У меня по спине пробегают мурашки, на языке появляется вкус лимона, и на мгновение мне кажется, что я чувствую запах ее лавандового шампуня. Перевожу взгляд на экран телевизора, на котором они сосредоточены, пытаясь унять комок в горле.
Экран гаснет перед началом воспроизведения видео. Высокая фигура пробирается через хоккейный туннель, на ее футболке жирно напечатан номер тридцать три. Длинные рыжие волосы колышутся взад и вперед, когда она идет.

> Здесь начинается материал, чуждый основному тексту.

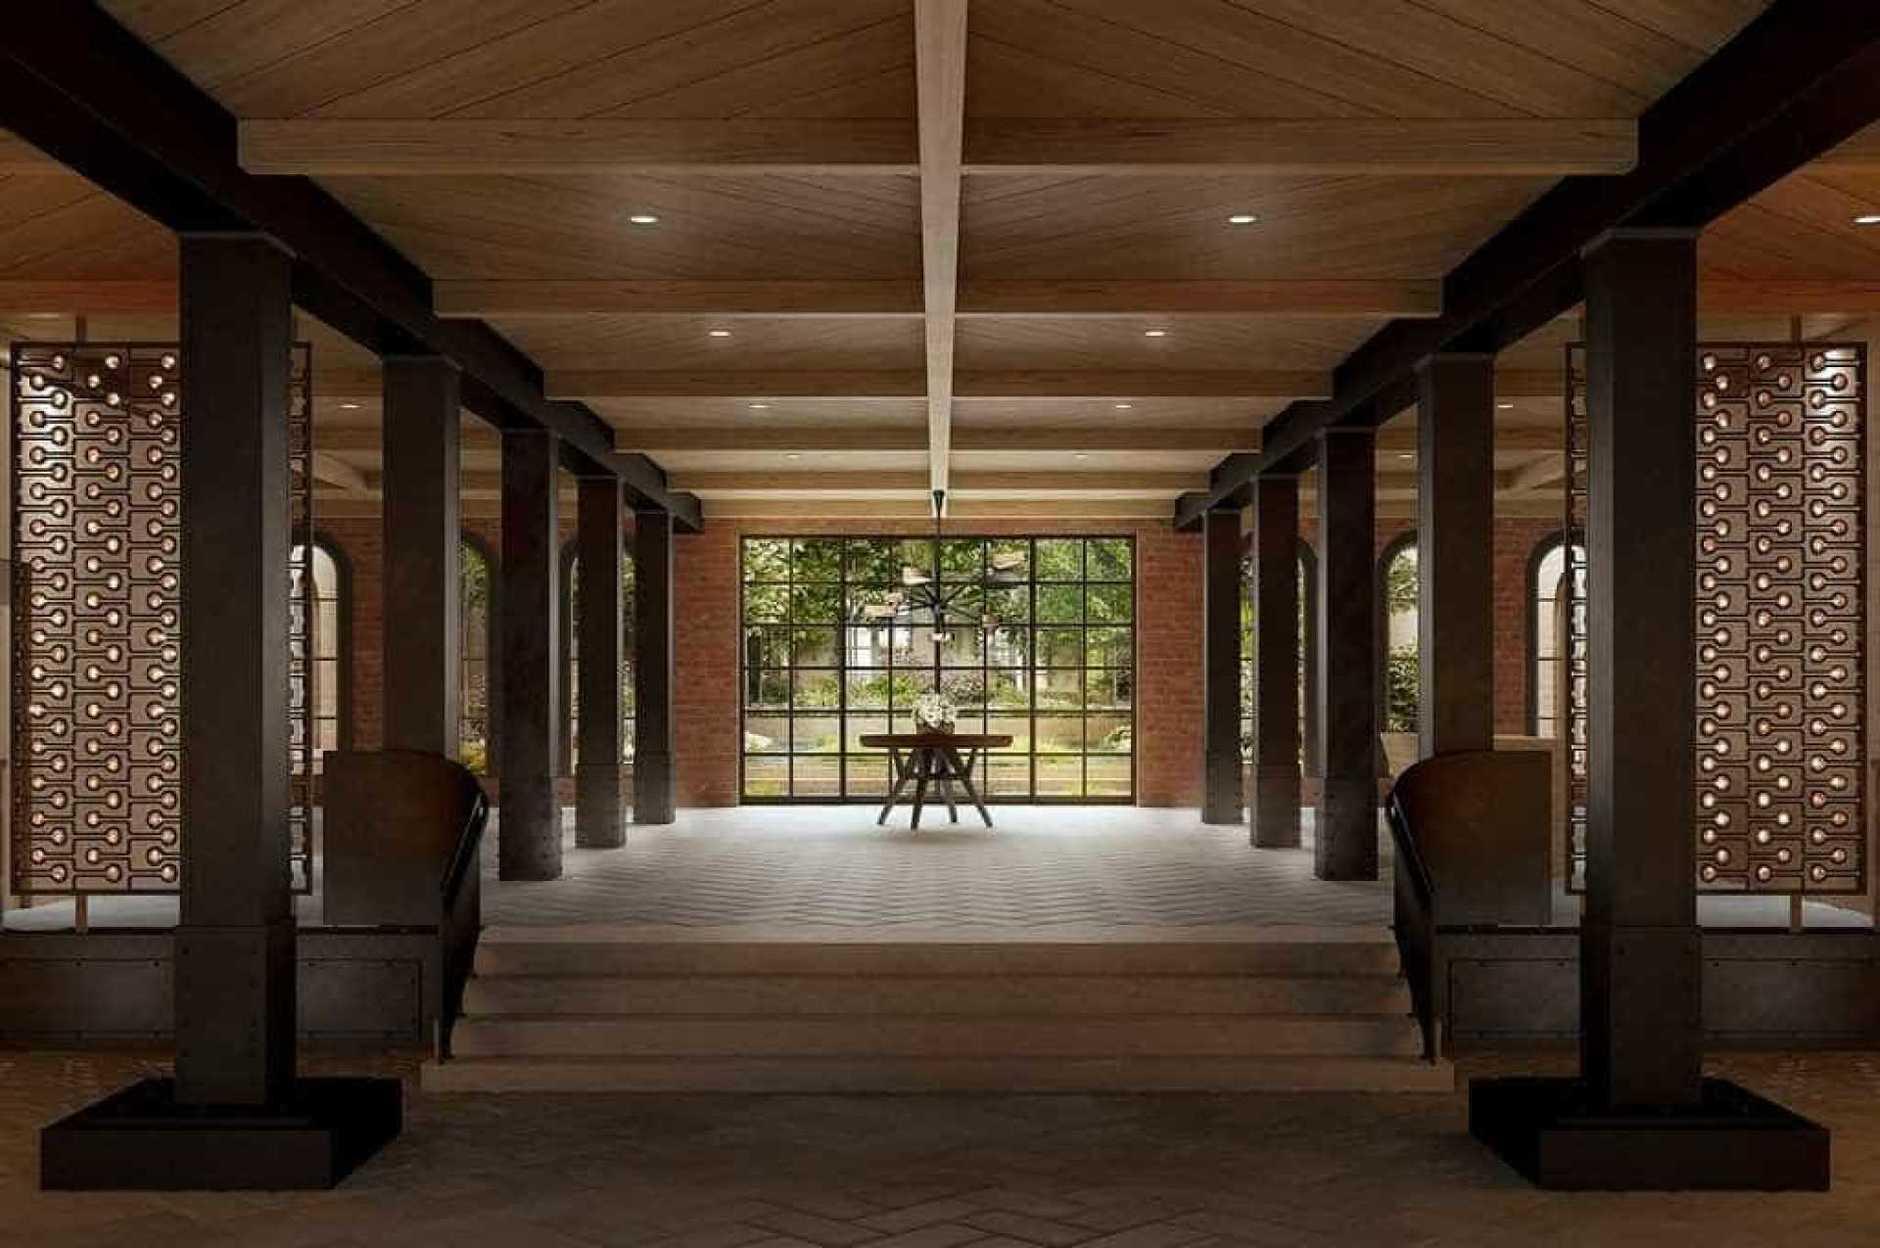 В гостях у звезды: новый пентхаус Джастина Тимберлейка в Нью-Йорке (галерея 4, фото 1)
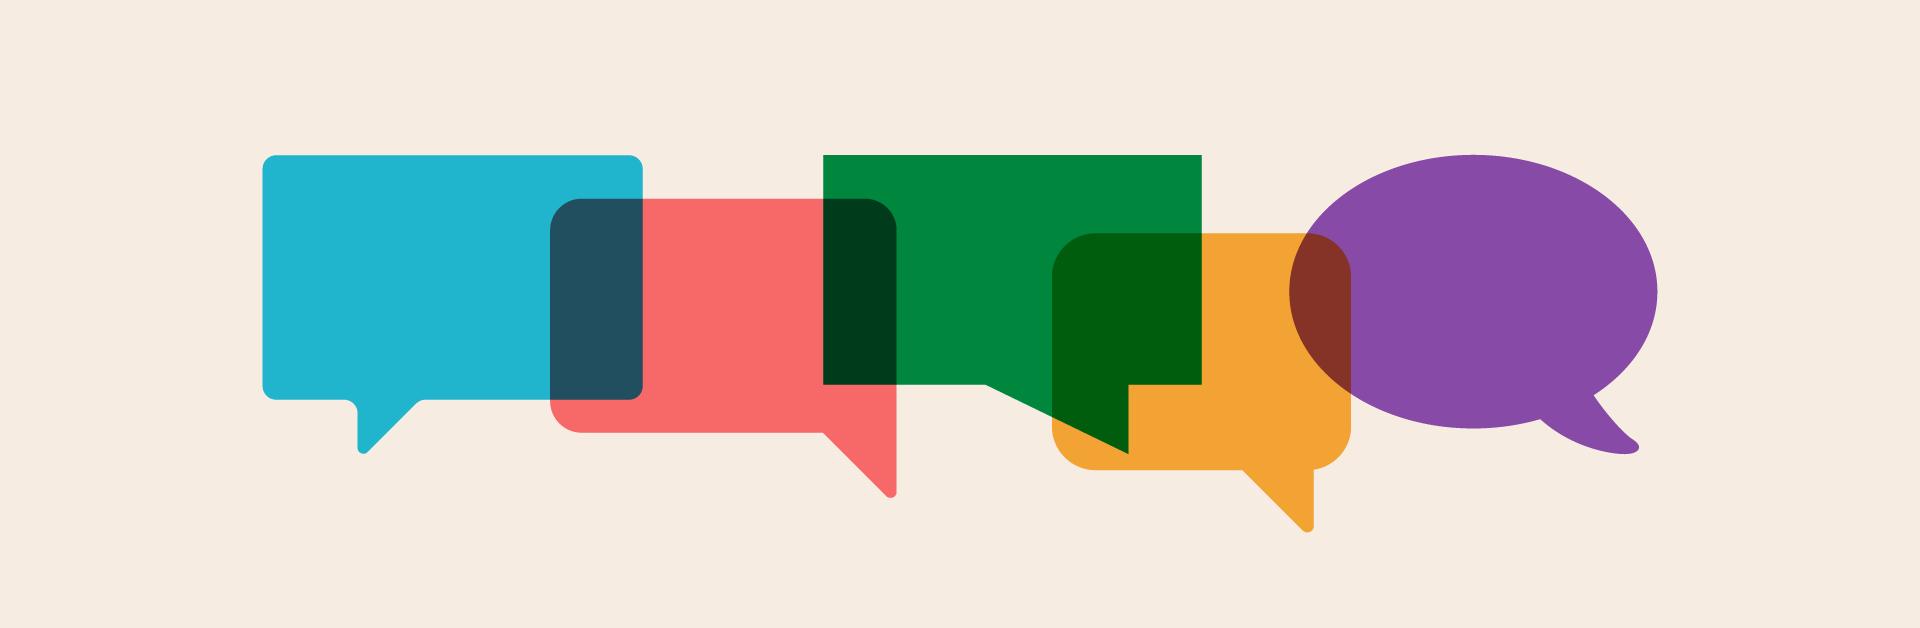 HubSpot Conversations Team

Как только она достигает конца туннеля, на видео звучит голос.
— Дочь легенды, – начинает он перед тем, как показать основные моменты младшего Салливана во вспышках. «Я переживаю один из таких моментов», - думаю я про себя. Мои глаза прикованы к телевизору. Они не сдвинулись бы с места, даже если бы я захотел.
— Хоккейный вундеркинд, который проявил свой талант в юном возрасте ... - Видеоклипы о маленьком ребенке, который обыгрывает других детей, забивает голы, празднует вместе со своей командой. Это монтаж всего, что она есть, всего, чем она стала, всего, чем она будет.
— Она била рекорды, выигрывала чемпионаты, создавала историю. - На экране появляется коллаж из голов. Основные моменты из ее школьных и студенческих лет. Видео показывает моменты, когда она выигрывала чемпионаты, время, когда она била рекорды, к которым никто не прикоснется годами.
Моя грудь горит от гордости, у меня нет на это права. Но я все равно это чувствую. Этот момент, ради которого она так чертовски усердно работала. Все эти утренние тренировки, волдыри, сломанные ребра. Теперь все это стоило того. И все же я здесь не для того, чтобы отпраздновать это вместе с ней.
Теперь на экране видно, как она сидит в раздевалке своего колледжа, ее голова опущена, звуки громкой музыки звучат на протяжении всего видео. Ее волосы спадают на лицо, локти опираются на мягкие колени. Клип увеличивает изображение того, как она обматывает лентой свою клюшку в замедленной съемке.
— Сейчас? Она придет, чтобы изменить правила игры в женском спорте. У нее есть незаконченное дело. Все, чего она ждет, - это чтобы ее назвали по имени. Вы готовы увидеть, что будет дальше? - Камера поворачивается к ее конькам, прежде чем переместиться к ее лицу.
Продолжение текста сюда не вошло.